Sphinx 03-30-2009 02:04 PM

944 Nightmare! PICS!
 
I bought this 86 944 two years ago... after I graduated high school. The car was in excellent shape but hadn't been run in awhile. It didn’t start so I got it at a steal. I found that the dme was fine (I interchanged it) but the fuel injectors were clogged causing a no start situation. I cleaned them out and it worked.

I drove the car for 3 months but the clutch was slipping, terribly, and couldn’t be driven far before it would just slip and the car would not move. I REPLACED EVERYTHING, clutch, master, and slave cylinder. Took all day. I adjusted the clutch pedal and it felt beautiful. I later realized that the clutch was fine... it was the slave cylinder. Real shame. So that day I decided to take it on its longest drive ever... to Waterbury which was 15 minutes away. The car felt great.

I get to the parking lot in the mall and gently pull into a parking space to turn around. As I was "coasting" into the space, the car dies. A plastic timing belt pulley exploded, shredding both belts and detonating the motor. Sad day. At the time the motor was in or around 1000 rpm.

Towed it back to my town and tore into the motor.

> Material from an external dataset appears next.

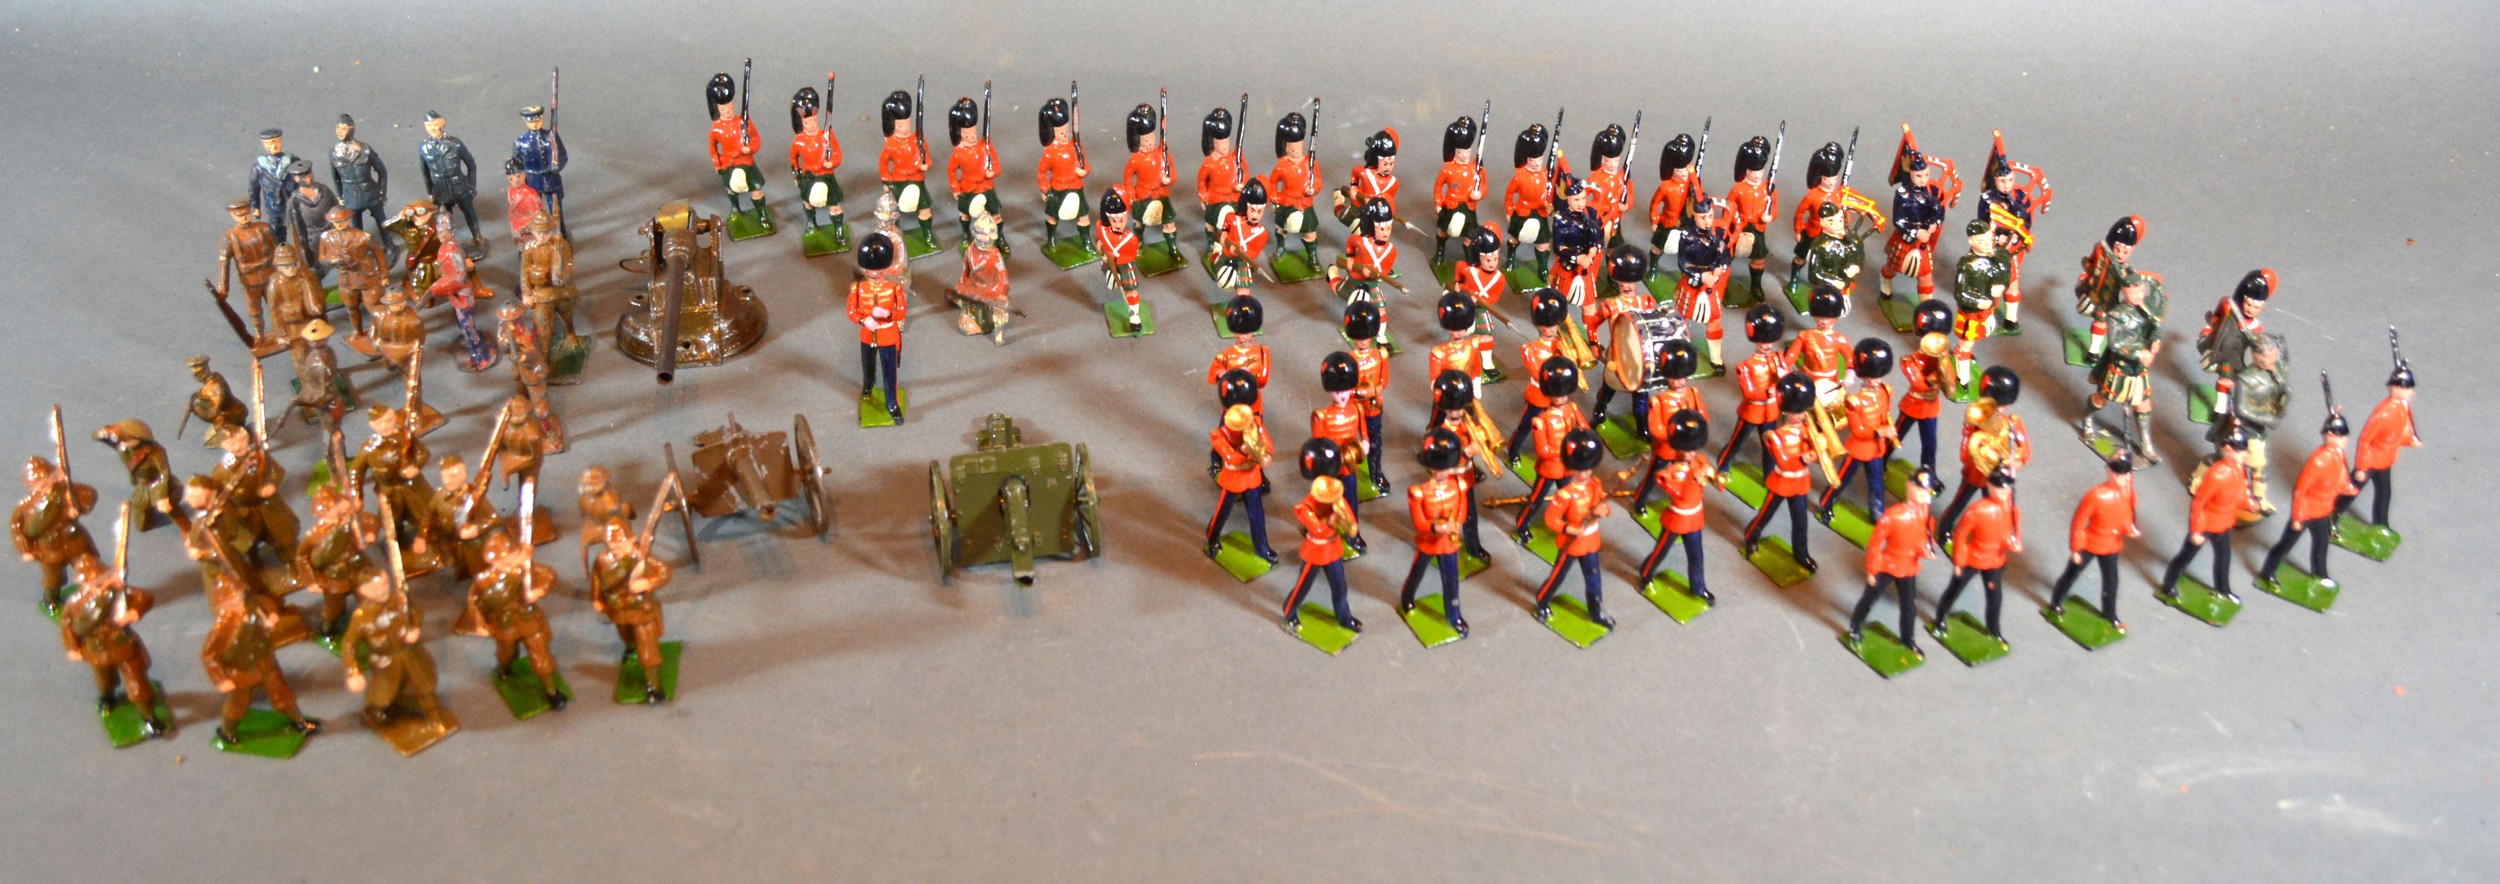 A Collection of Britain's Model Soldiers together with a collection of other painted model soldiers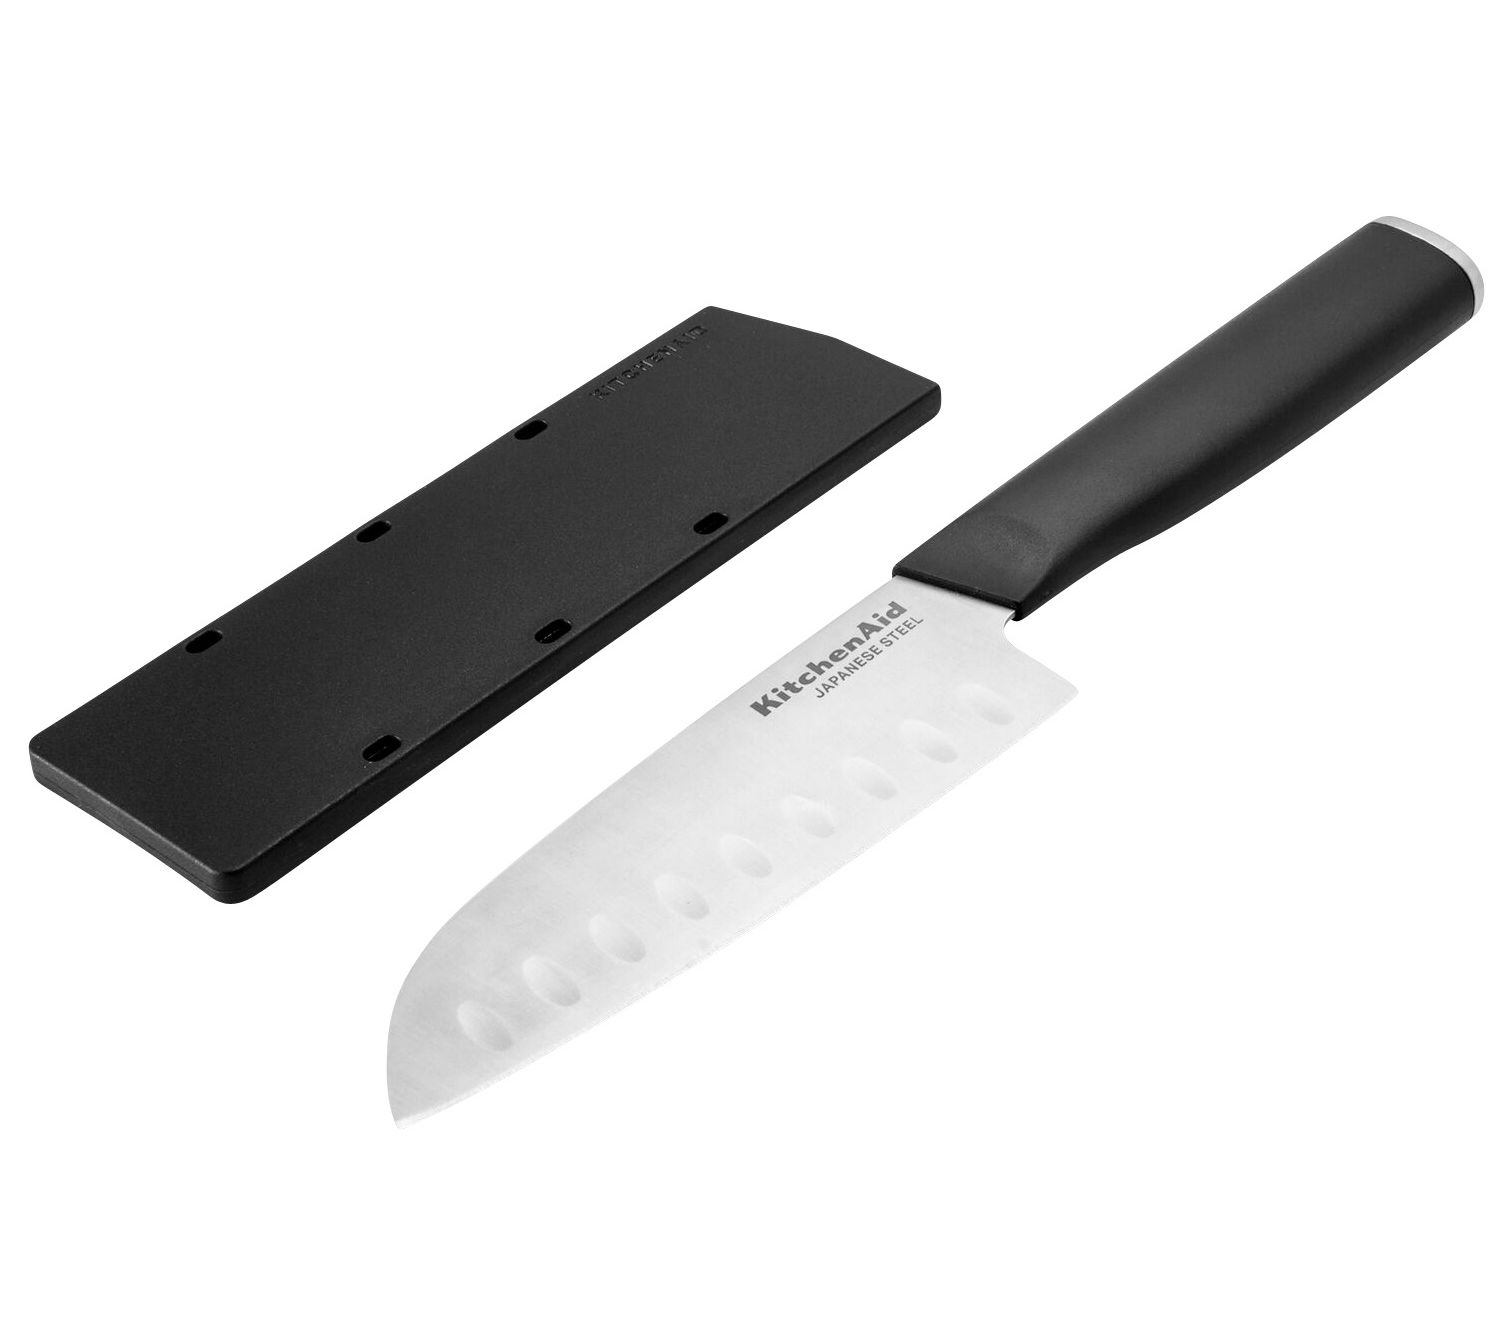  MAD SHARK Paring Knife 5 inch - Small Kitchen Knife

The number 4 cylinders’ (closest to the firewall) piston had hit the intake valve, bending it, and lightly scoring the top of the piston. The cylinder walls were in PERFECT CONDITION which surprised me until I later learned of the coating on them. The bottom end was fine. I could turn the crank by hand, forward and backward. I mic'ed the lifters all DEAD even top and bottom and let them soak completely submerged in 5w-30 for weeks. The camshaft spun very easily by hand. And looked good.

I scrounged and saved and bought the parts. New and rebuilt turbo head, new valves, valve guides, double valve springs, etc etc the works. New timing belt kit with pulleys, cleaned everything and assembled.

Bleed out all of the old fuel from the tank to the rail and replaced with high test. All new turbo gasket kit from the head up. And checked the ignition and firing order.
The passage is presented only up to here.